-- Records to process follows --
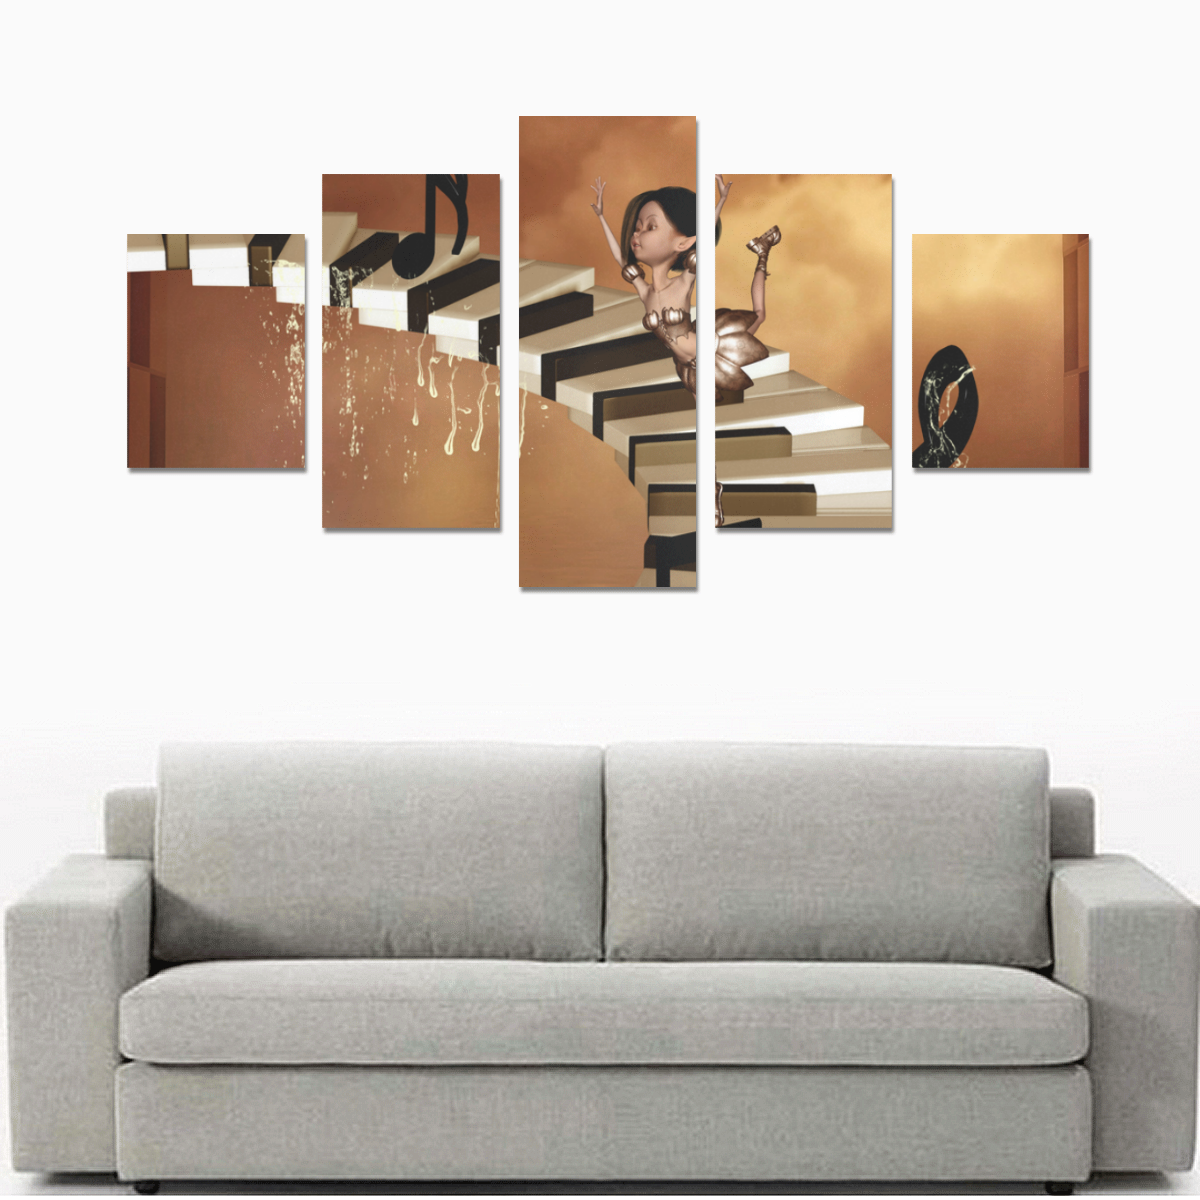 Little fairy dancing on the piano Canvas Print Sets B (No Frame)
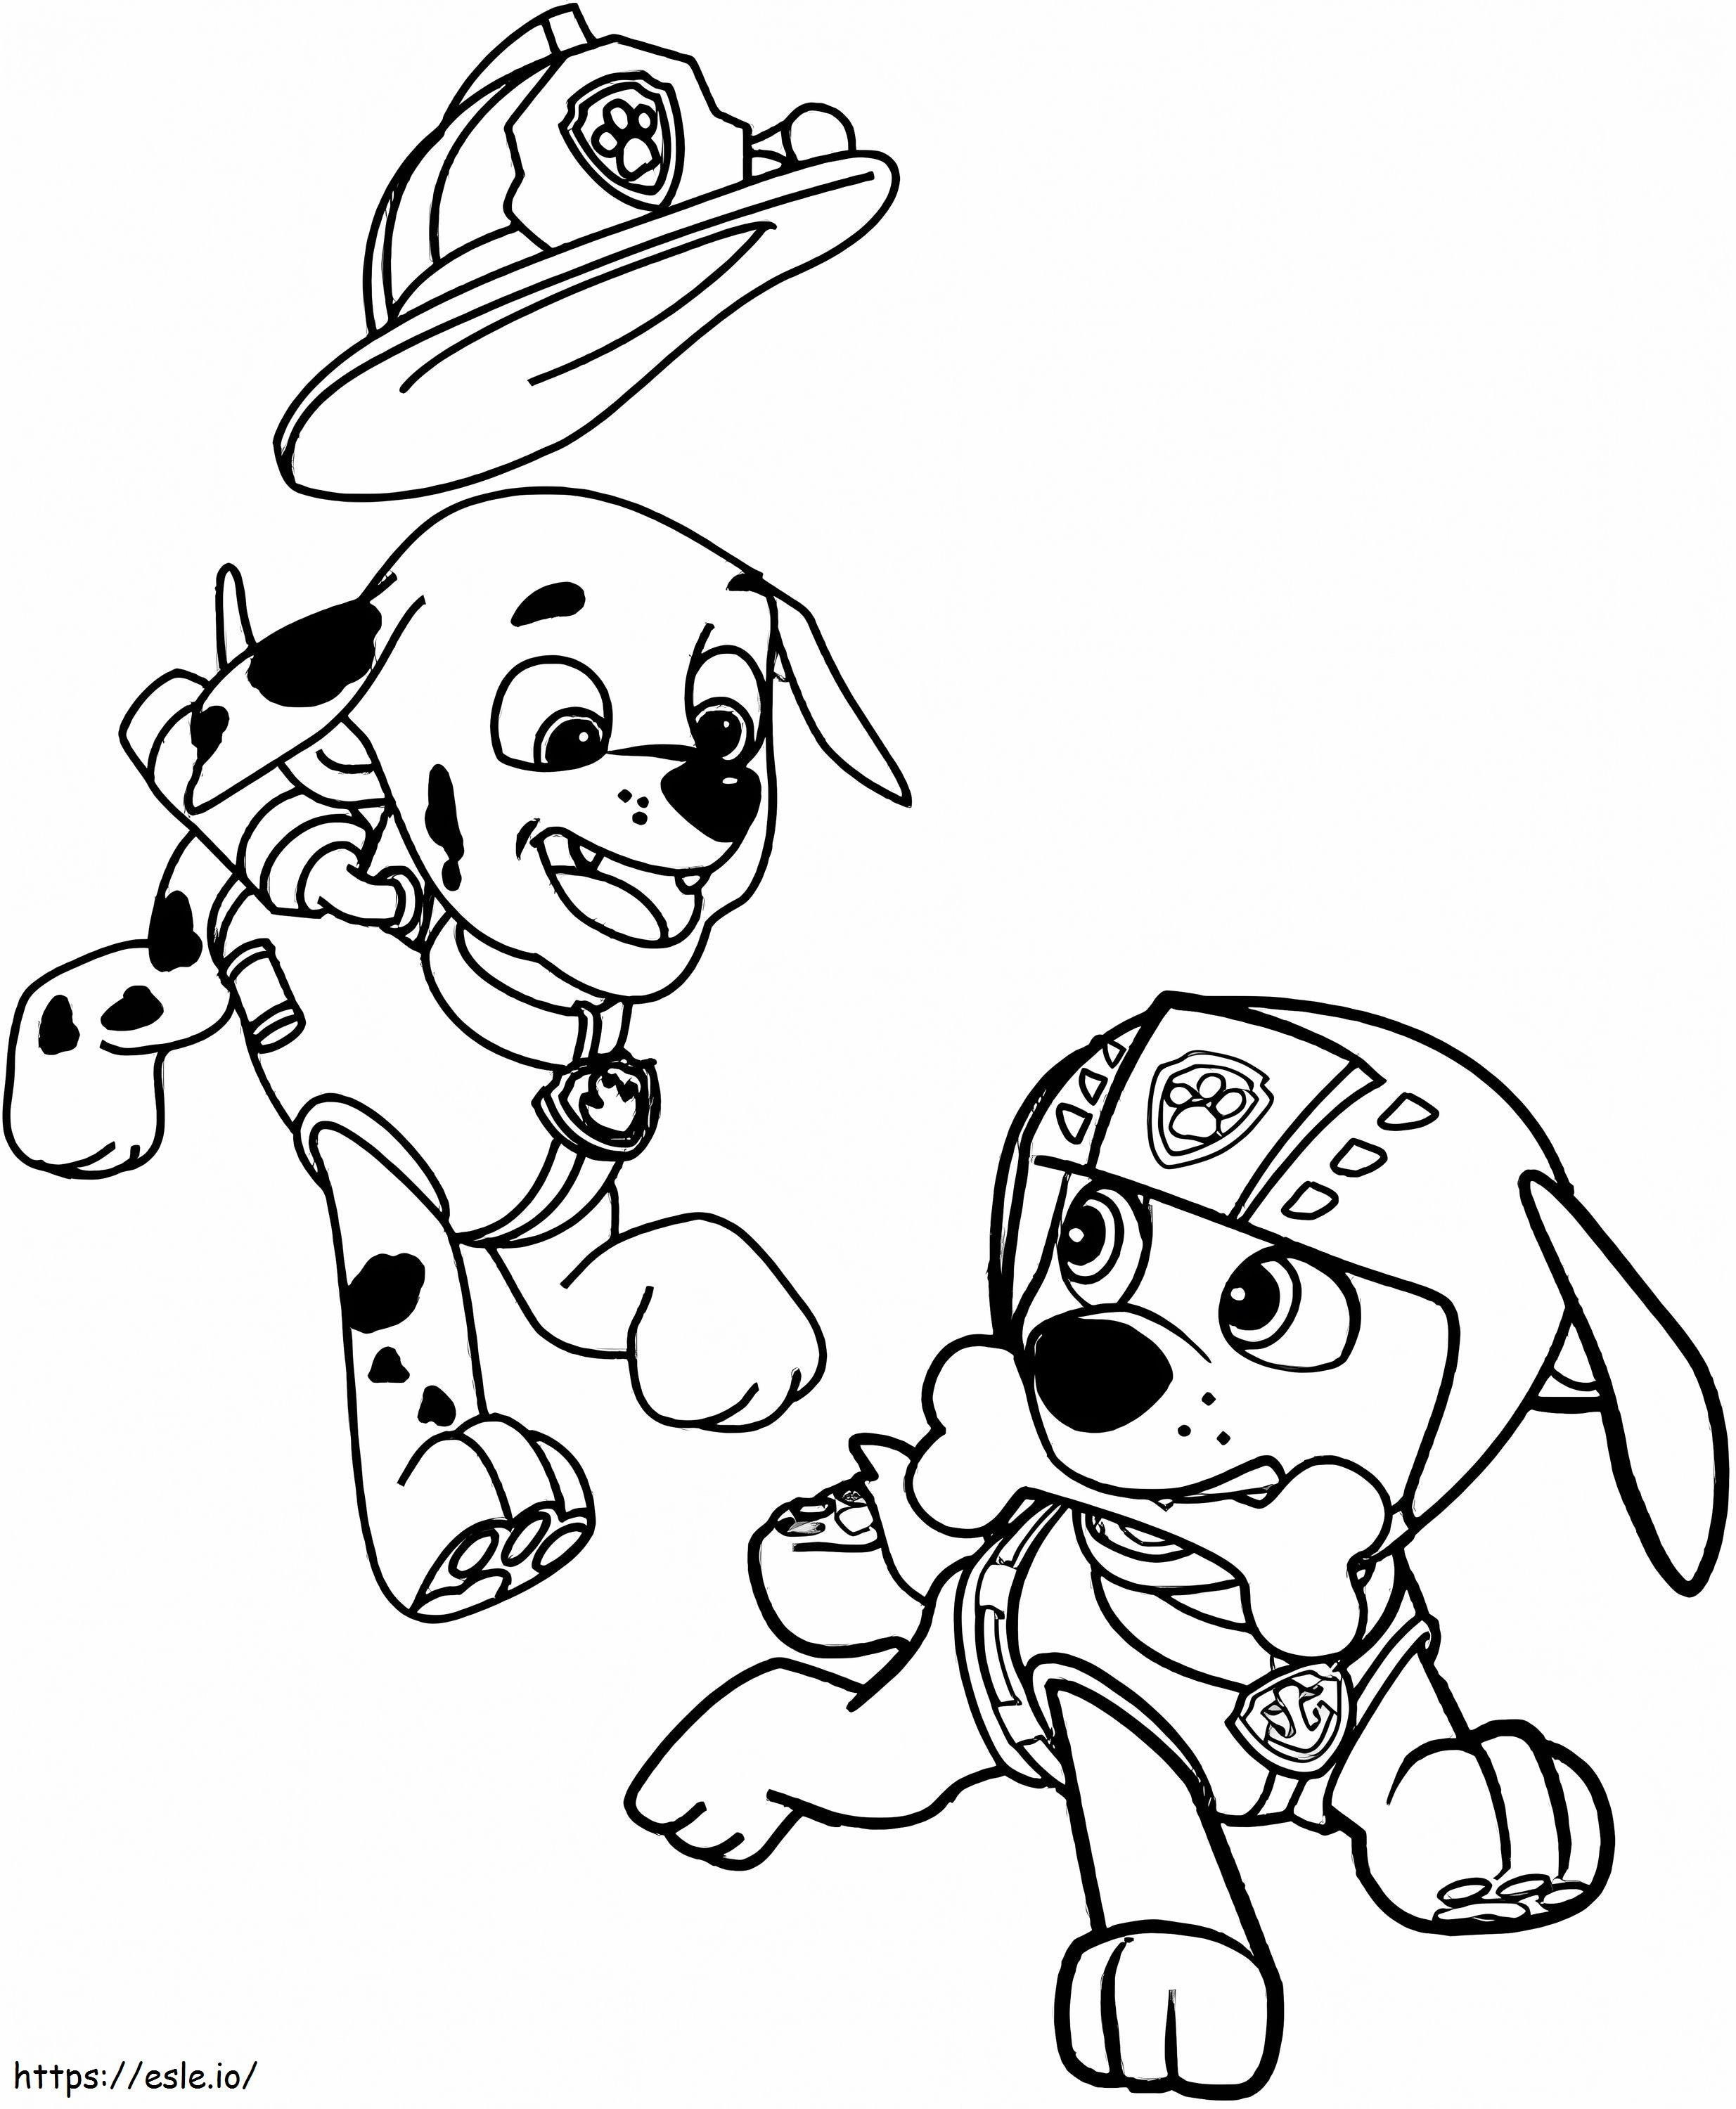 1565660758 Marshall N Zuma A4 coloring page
-- Records to process concluded --
-- Records to process follows --
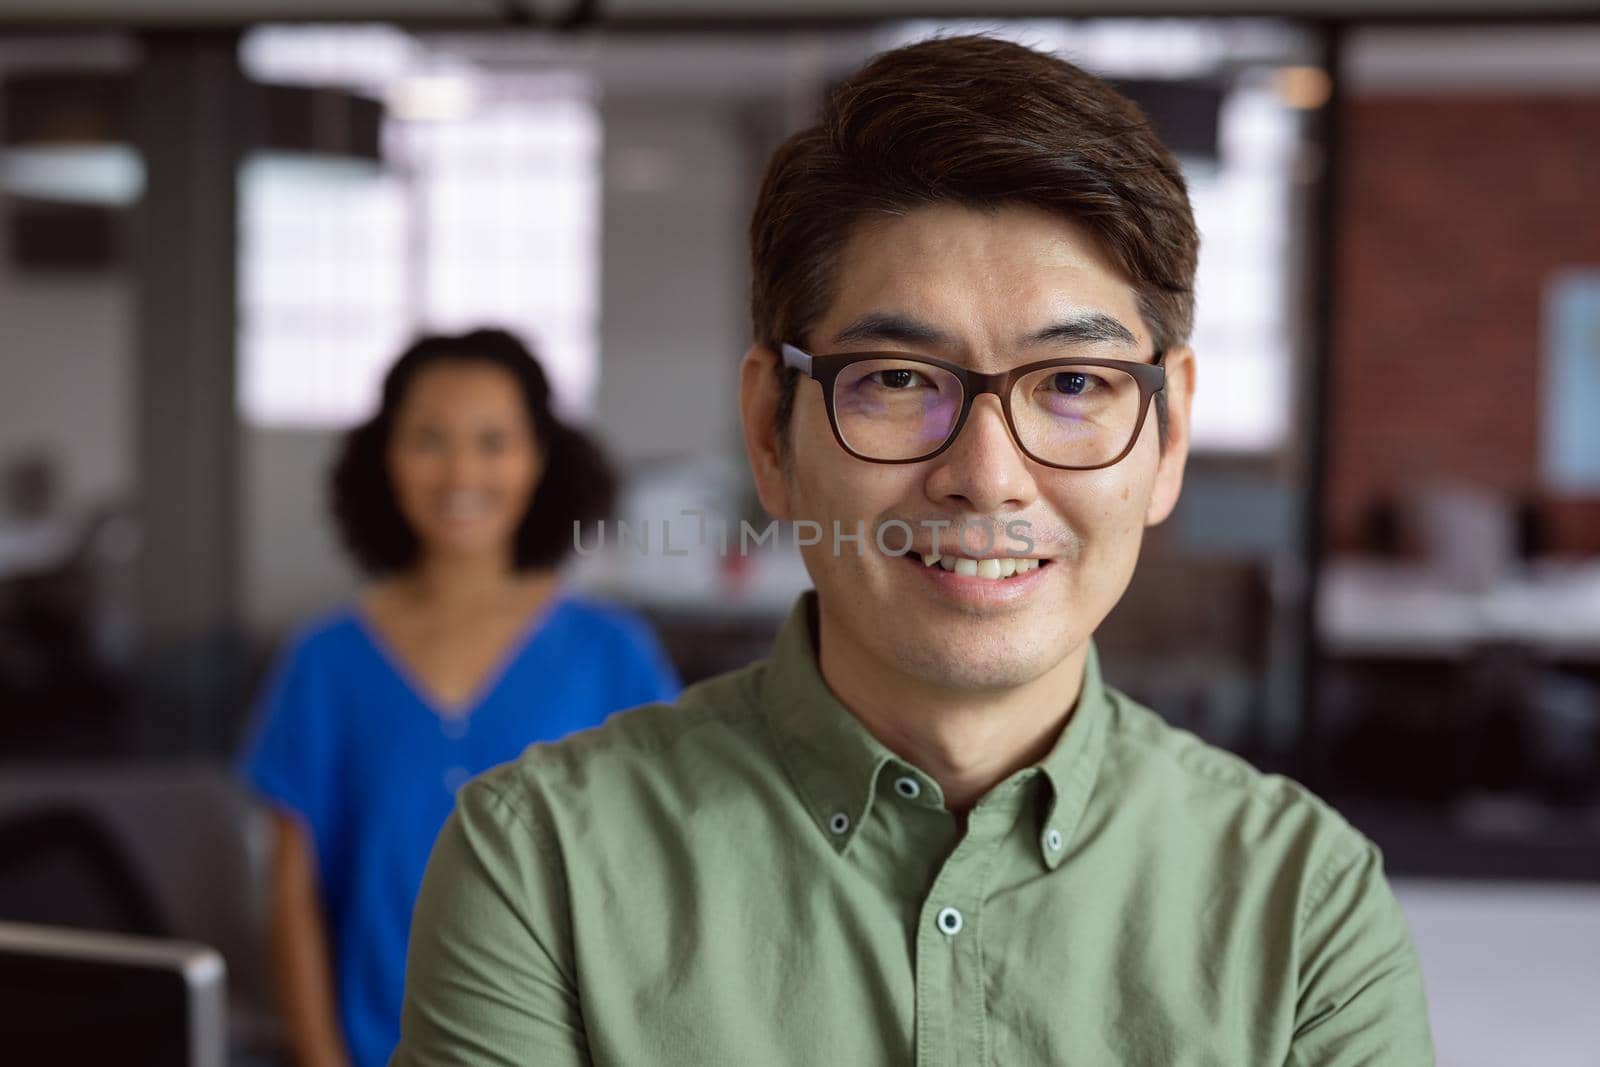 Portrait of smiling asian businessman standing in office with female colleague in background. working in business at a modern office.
-- Records to process concluded --
No picture is to be printed. Output exactly the lines above from the line containing "Little fairy dancing" through the line containing "1565660758 Marshall N Zuma A4 coloring page".

#### Answer box:
 Little fairy dancing on the piano Canvas Print Sets B (No Frame)
 1565660758 Marshall N Zuma A4 coloring page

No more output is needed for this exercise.